Category: Legal Analytics

QNL #2: Dutch Case Law Brief, October 26 – November 1, 2015

Posted on 11/09/2015 - 11/09/2015 by mtjonakon

In this QNL, I assess rulings issued by Dutch legal institutions published on www.rechtspraak.nl during the last week of October 2015 using Python‘s natural language processing, data analysis and machine learning packages.

Number of cases by institution 

Between October 26 to November 1, 2015, a total of 262 new court rulings were published (list), according to a request via the site’s API. The graph below shows the number of rulings per issuing instution.

METRIC 1 - TOTAL INSTITUTIONS

The Council of State (RVS, Raad van State) issued the highest number of rulings (48), followed by the Supreme Court (39) and the Appellate Court of ‘s-Hertogenbosch (33). Summing by institutional level, a predictable pattern emerges. The courts of first instance issued the greatest number of decisions, followed by the appellate courts. The relative shares are shown below.

METRIC 4 - DECISIONS BY LEVEL

Although the Attorney General (‘procureur generaal’, art. 111 Wet op de rechterlijke organisatie) technically is not an independent judicial body and only issues writes advisory opinions, I include those opinions in the analysis. The advisory opinions of the Attorney General are authoritative in Dutch legal circles, as they often provide guidance for judges at the trial and appellate levels.

It should be noted that the most rulings issued by the Supreme Court (22 of 39) are “article 81 RO” rulings. In such a ruling, the Supreme Court decides that (1) neither the appellant’s complaints are sufficient to warrant reversal of the appellate court’s decision,  (2) nor is publication of the Supreme Court’s decision required for the sake of legal uniformity or development of the law. In addition, in a smaller number of rulings (4 of 39), the Supreme Court dismissed the complaint for inadmissibility. 

Number of institutions by area of law

This week, most rulings involved criminal law (61), followed by civil law (52) and administrative law (46).
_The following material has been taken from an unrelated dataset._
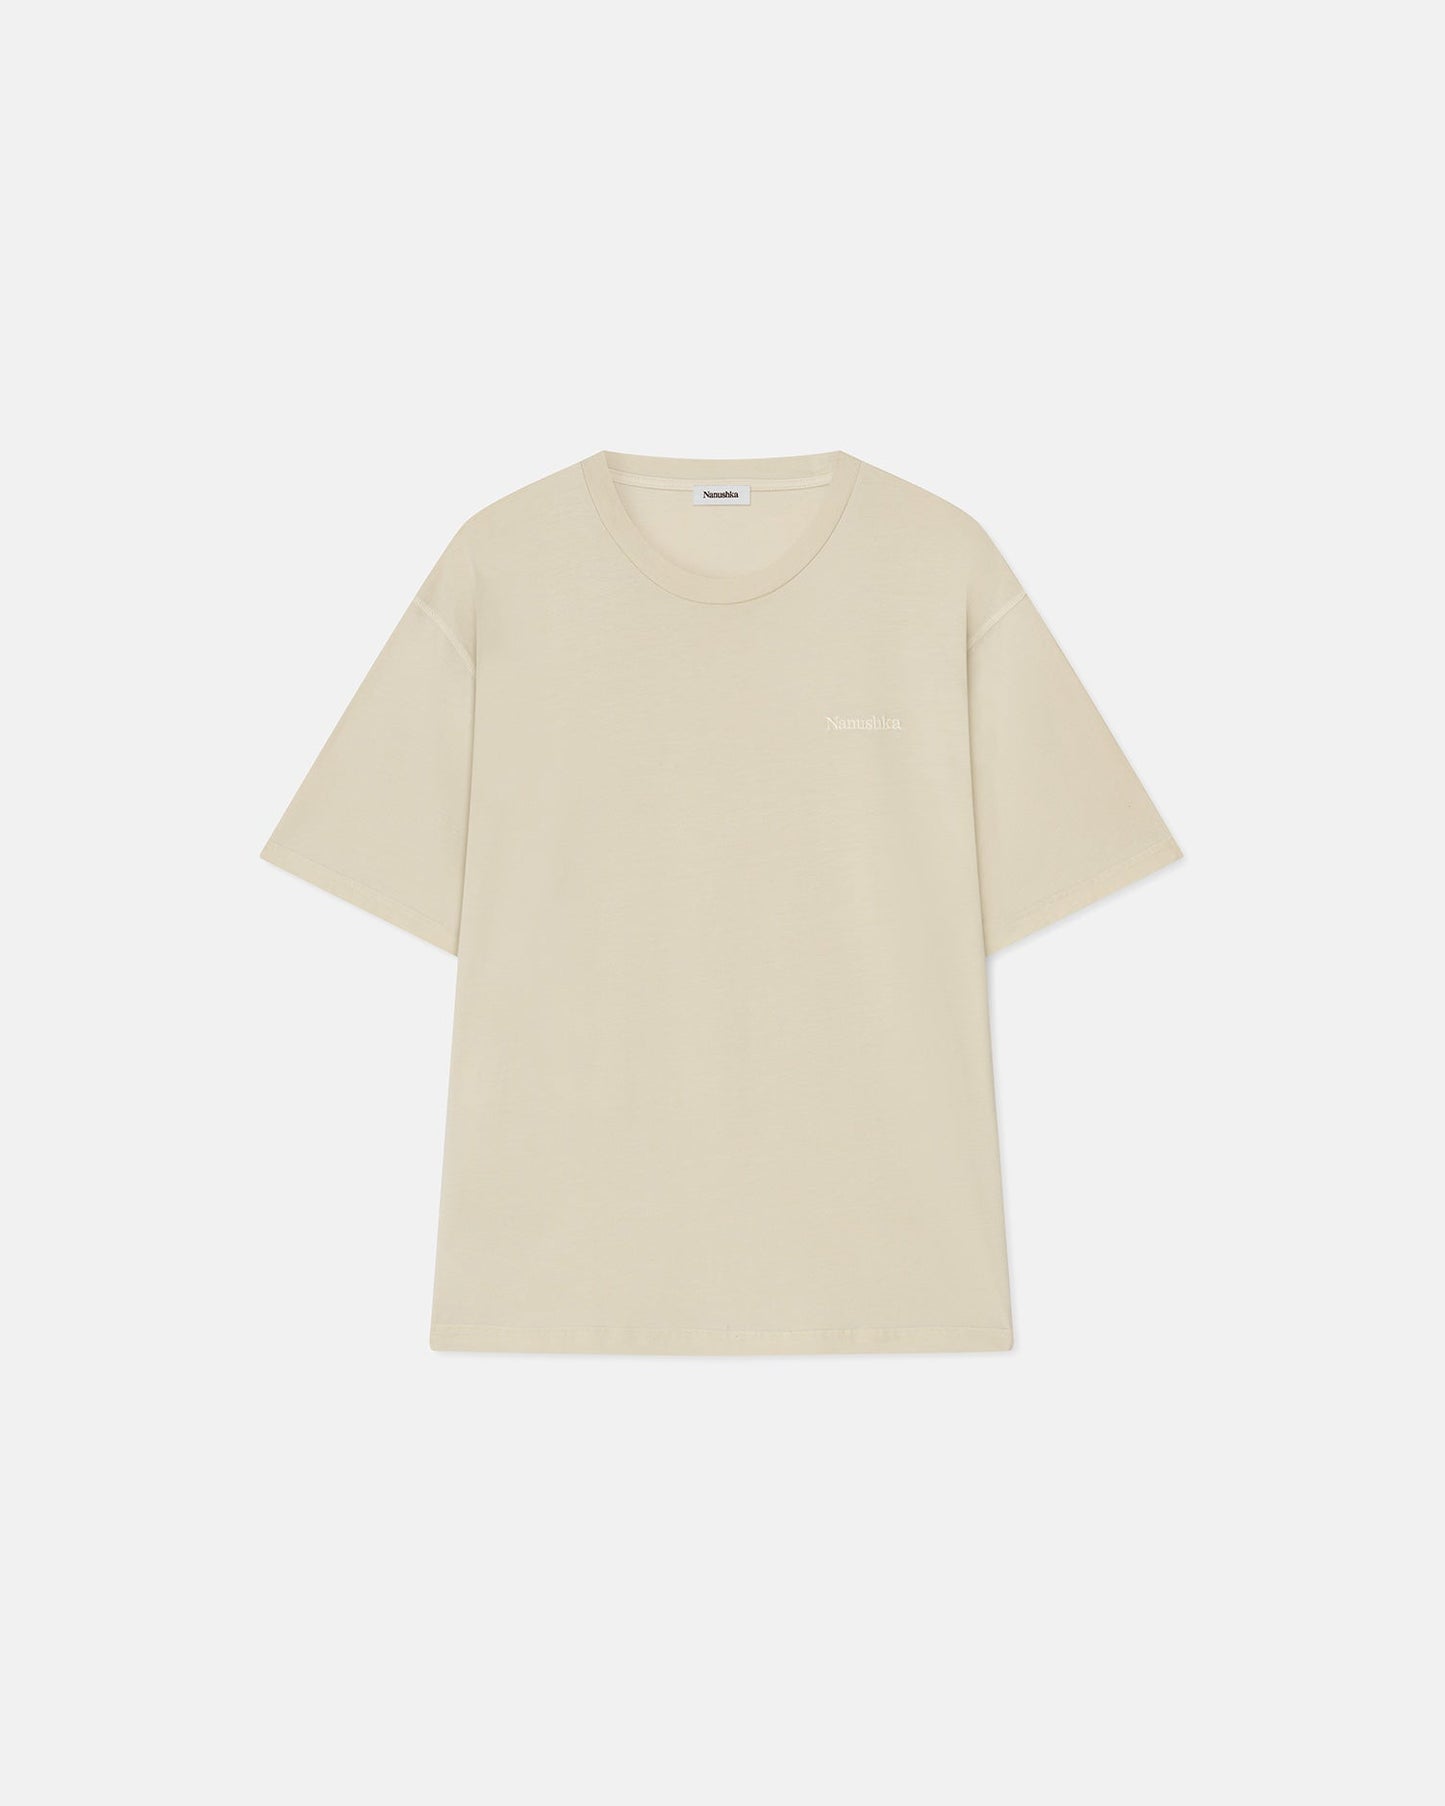 Reece - Organically Grown Cotton T-Shirt - Shell Symbol

As discussed in a prior post, most cases tend to fall in these general areas of law, rather than more narrowly defined areas such as employment law (5) and business law (2). However, any 1L (first year law student) knows that it’s not the category that matters, but the legal principle discussed (see more below). A graph with the legal categories and frequency counts for this week is posted below.

METRIC 2 - DECISIONS BY AREA

Throughput time

How much time elapses between the decision date and the publication date?

METRIC 3 - THROUGHTPUT

Most cases are published on the date of the actual decision (150 of 262 or 58%), but in 38% (100 of 262) of the cases it takes 1-3 days to publish the decision. If it took 1 day, it was most likely the Appellate Court of ‘s-Hertogenbosch (GHSHE, 22) or the Central Council of Appeal (CRVB, 13). A salient fact is that those courts handled a disproportionately large number of family law (GHSHE) and social security law (CRVB) cases. It’s merely salient: I did not compute any correlations between area of law and throughput time, which would be a poor measure for several reasons.

N-gram analysis

The analysis of n-grams are a fundamental element of any data analysis involving text. Roughly speaking, n-grams are sets of words that occur in the text, consisting of one (unigram), two (bigram) or three (trigram) words. In an n-gram analysis, the documents of the corpus are converted to a matrix with a vector for each n-gram, which facilitates the application of quantitative clustering or classification techniques (in combination with NLP tools such as a lemmatizer). The matrix can contain interesting information, such as the Most Important N-Gram (MING). With the MING approach, textual differences and similarities become apparent. Prior to using MING to classify texts (future posts), let’s contrast the most frequent unigrams in all civil law (52) and tax law (23) cases (top 50 unigrams, bigrams and trigrams).

METRIC 5 Trigrams

What Does The Trigram Analysis Reveal?  The main advantage of n-gram analysis is its simplicity. The trigram analysis shows that most tax cases are Supreme Court cases (“beroep in cassatie”, “de hog rad”) and refer more often to precedents (“ecli”), while civil law cases contain more statements concerning the parties (“appellant”, “geïntimeerde”). The unigram analysis shows that demonstrative pronouns (“die”), connectors (“of”), plaintiff (“appellant”), appellate court (“hof”) and lawyer (“advocaat”) occur frequently throughout the corpus.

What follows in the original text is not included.